**** Input data ****
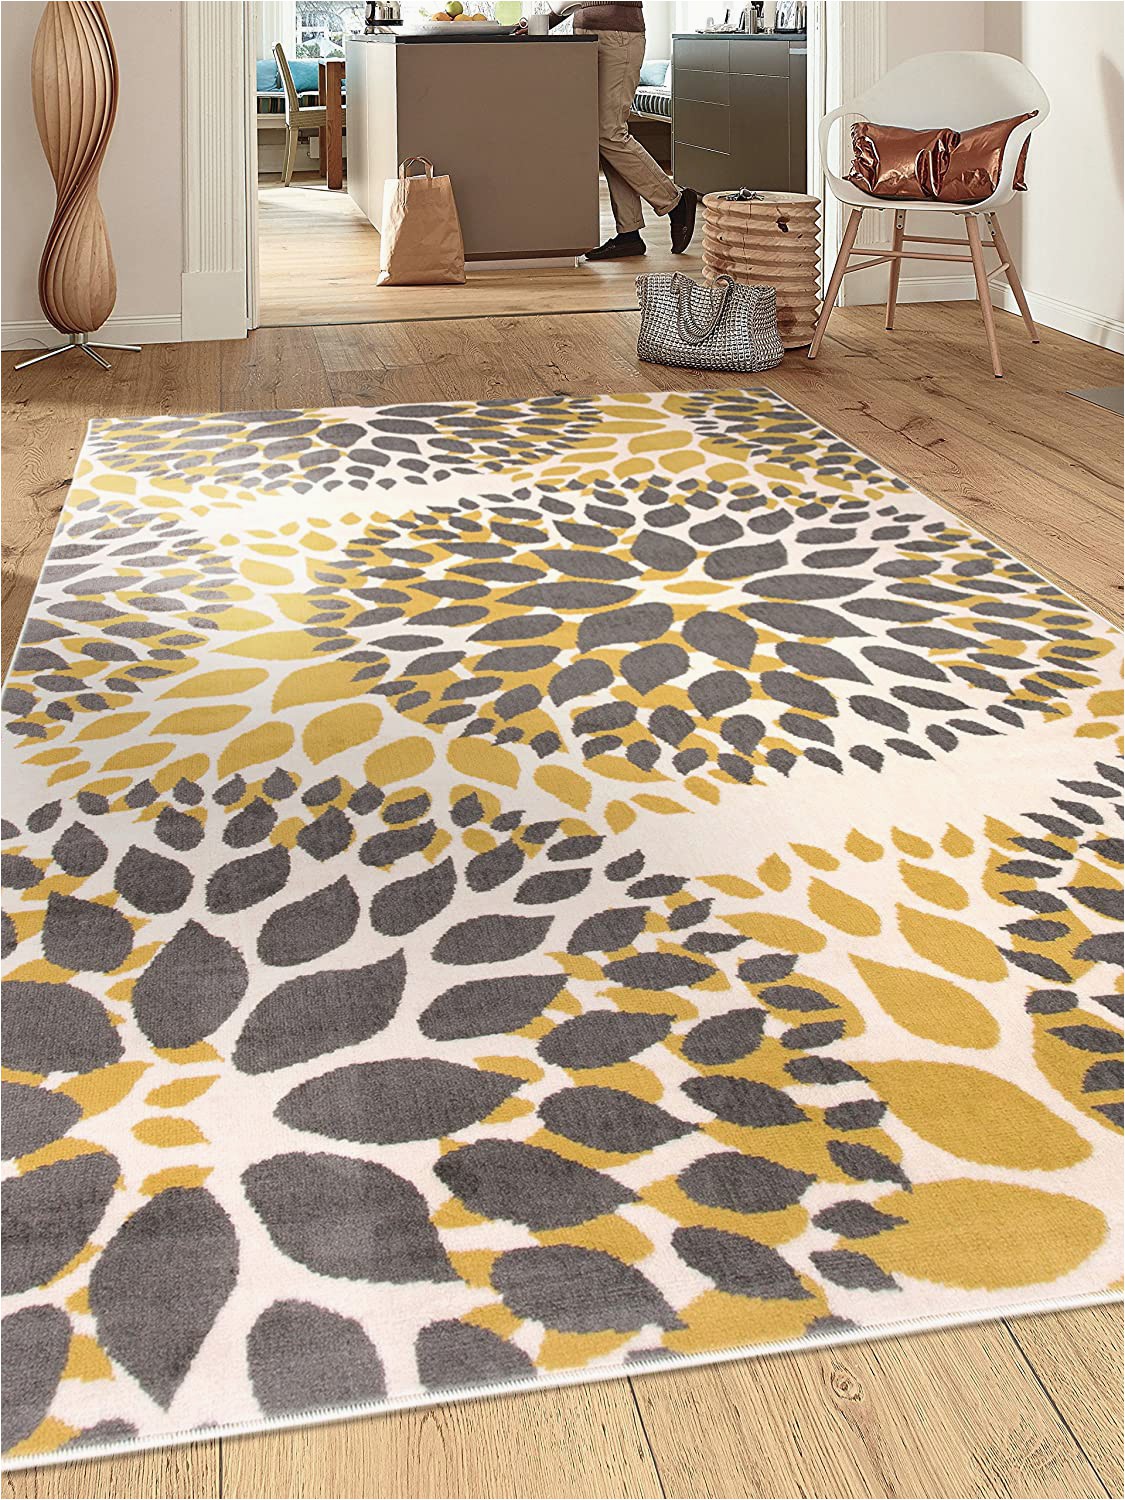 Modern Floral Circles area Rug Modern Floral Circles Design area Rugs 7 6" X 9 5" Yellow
****
**** Input data ****
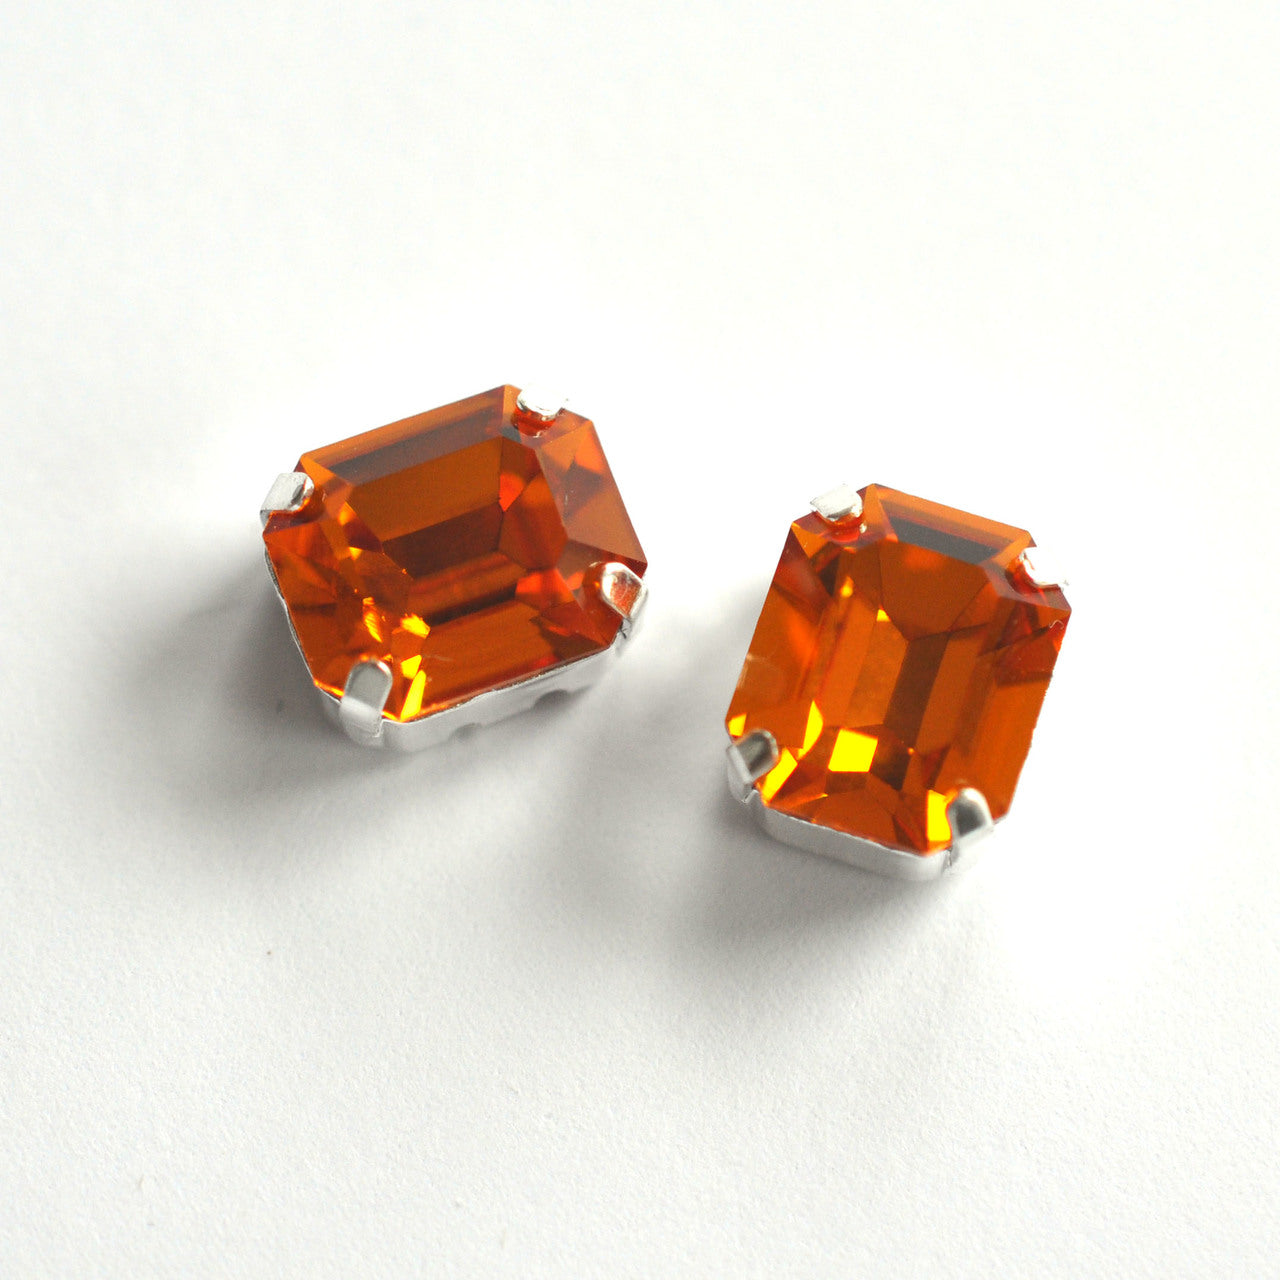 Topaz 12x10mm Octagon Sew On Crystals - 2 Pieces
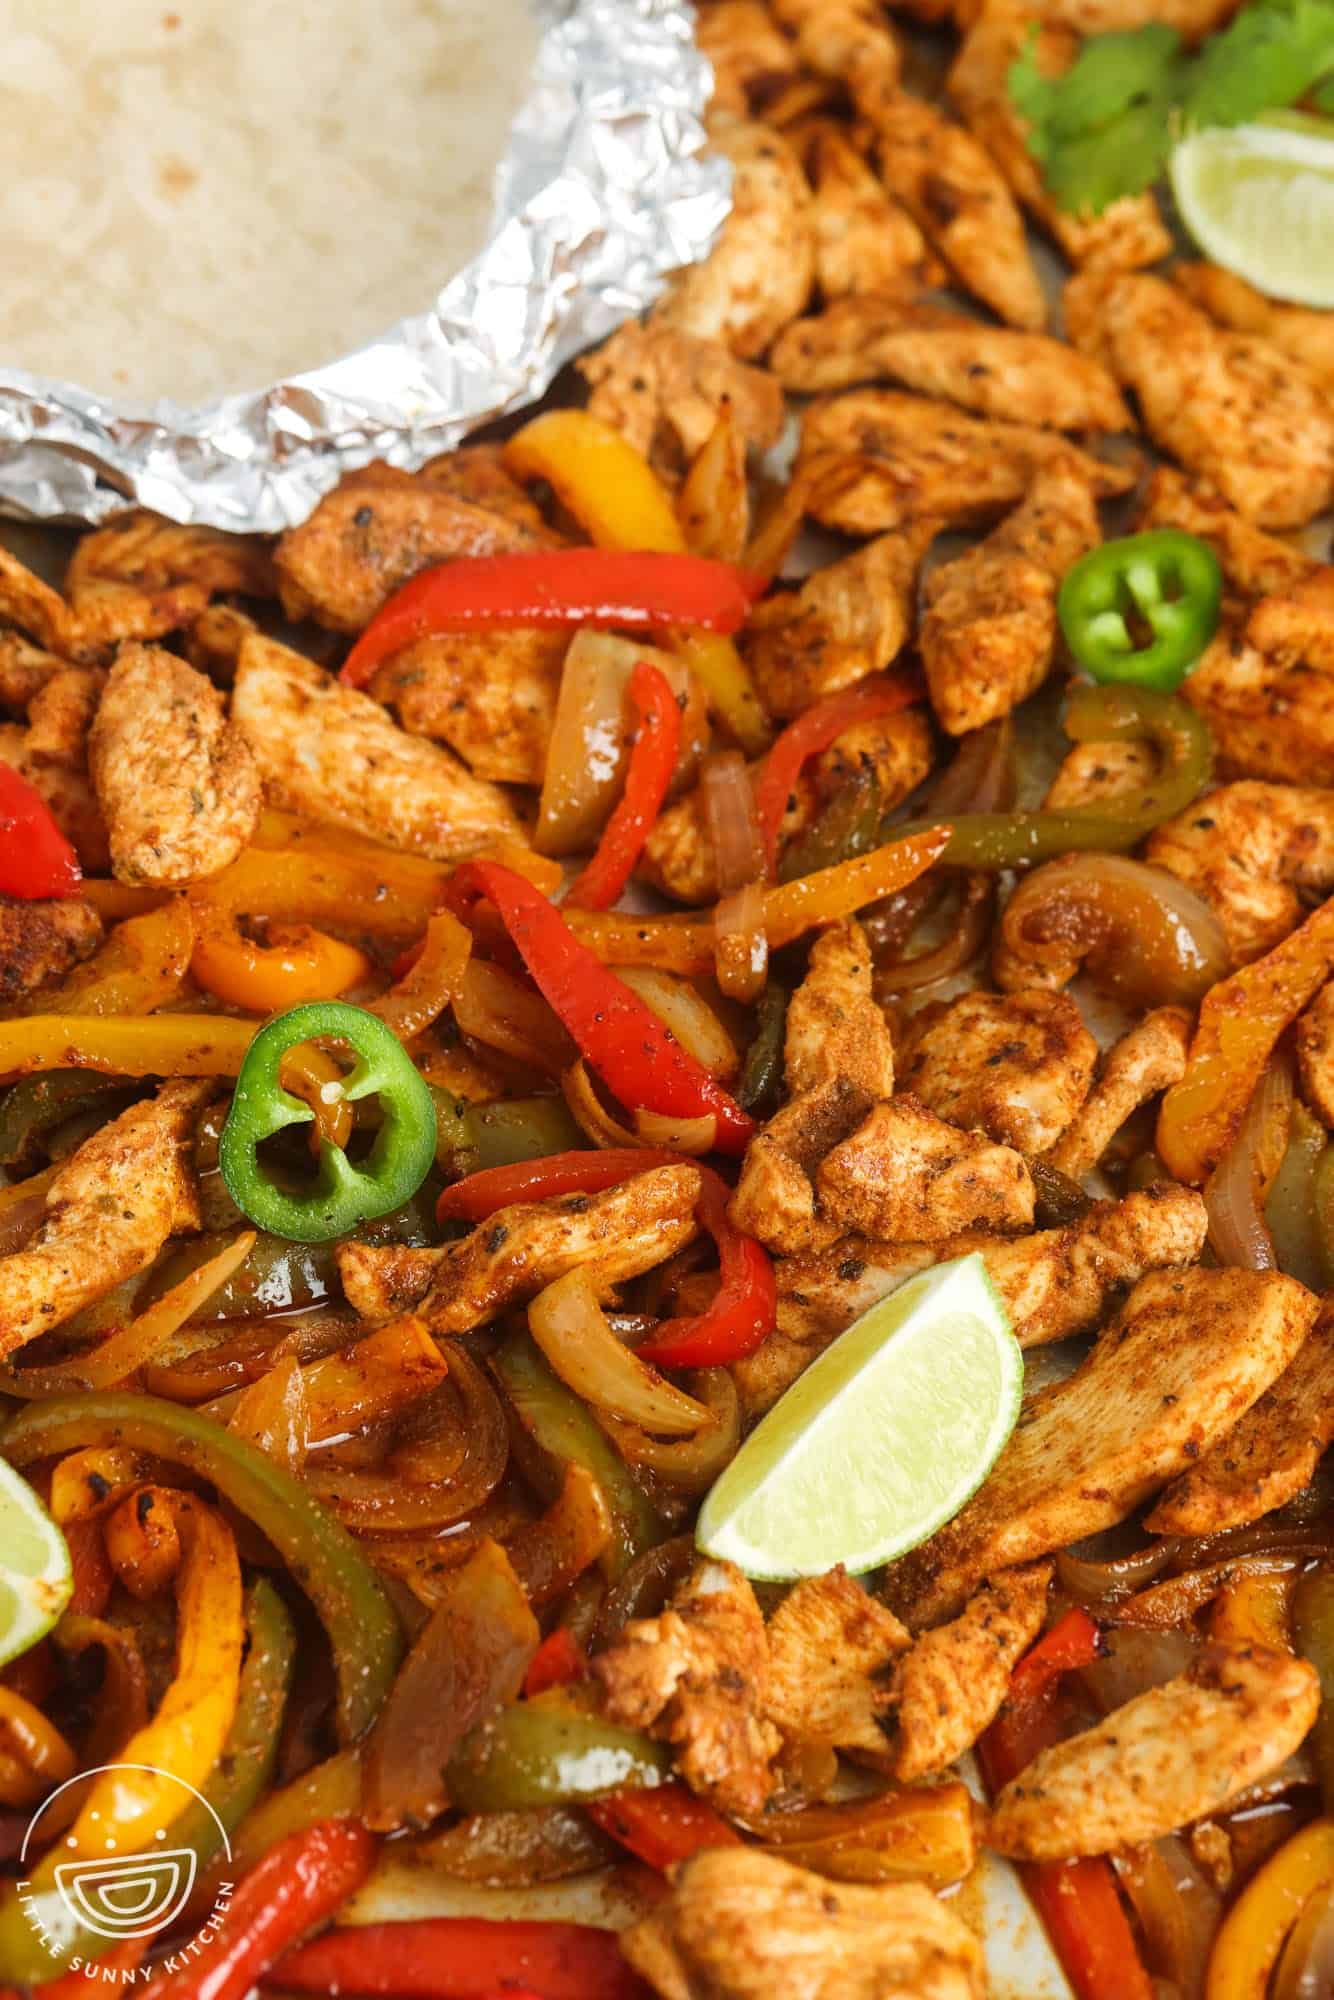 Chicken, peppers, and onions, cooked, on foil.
****
**** Input data ****
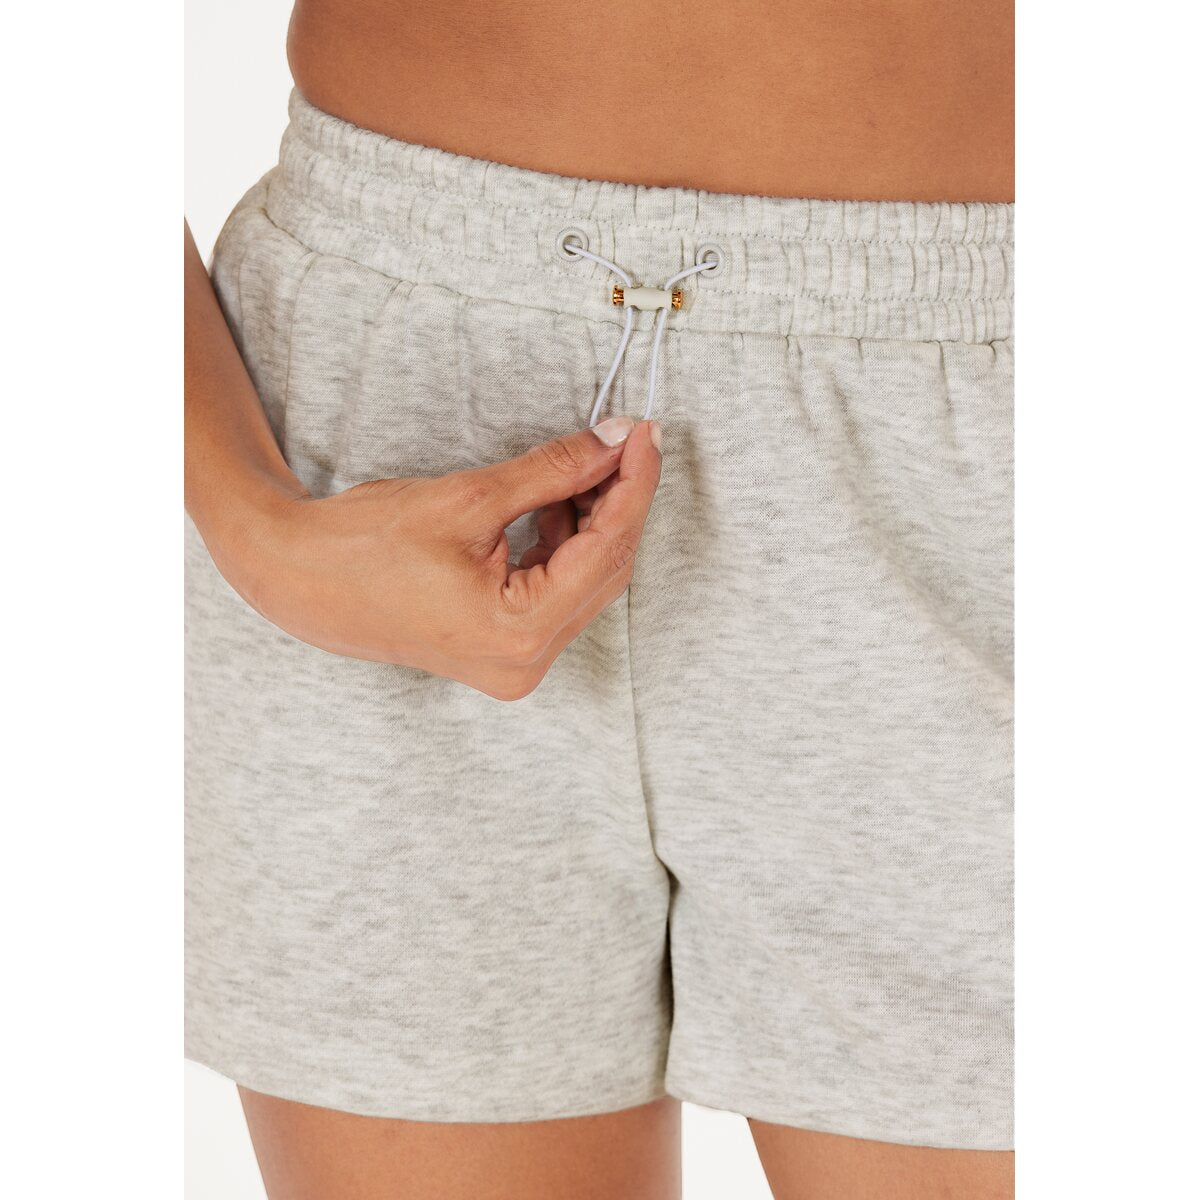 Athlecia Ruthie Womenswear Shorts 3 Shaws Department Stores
****
## Aim of the exercise
Everything from the line above that contains "Topaz 12x10mm Octagon" down to the line that contains "Chicken, peppers, and" must be reproduced exactly, both ends included. Omit the pictures.

## Answer for this exercise
 Topaz 12x10mm Octagon Sew On Crystals - 2 Pieces
 Chicken, peppers, and onions, cooked, on foil.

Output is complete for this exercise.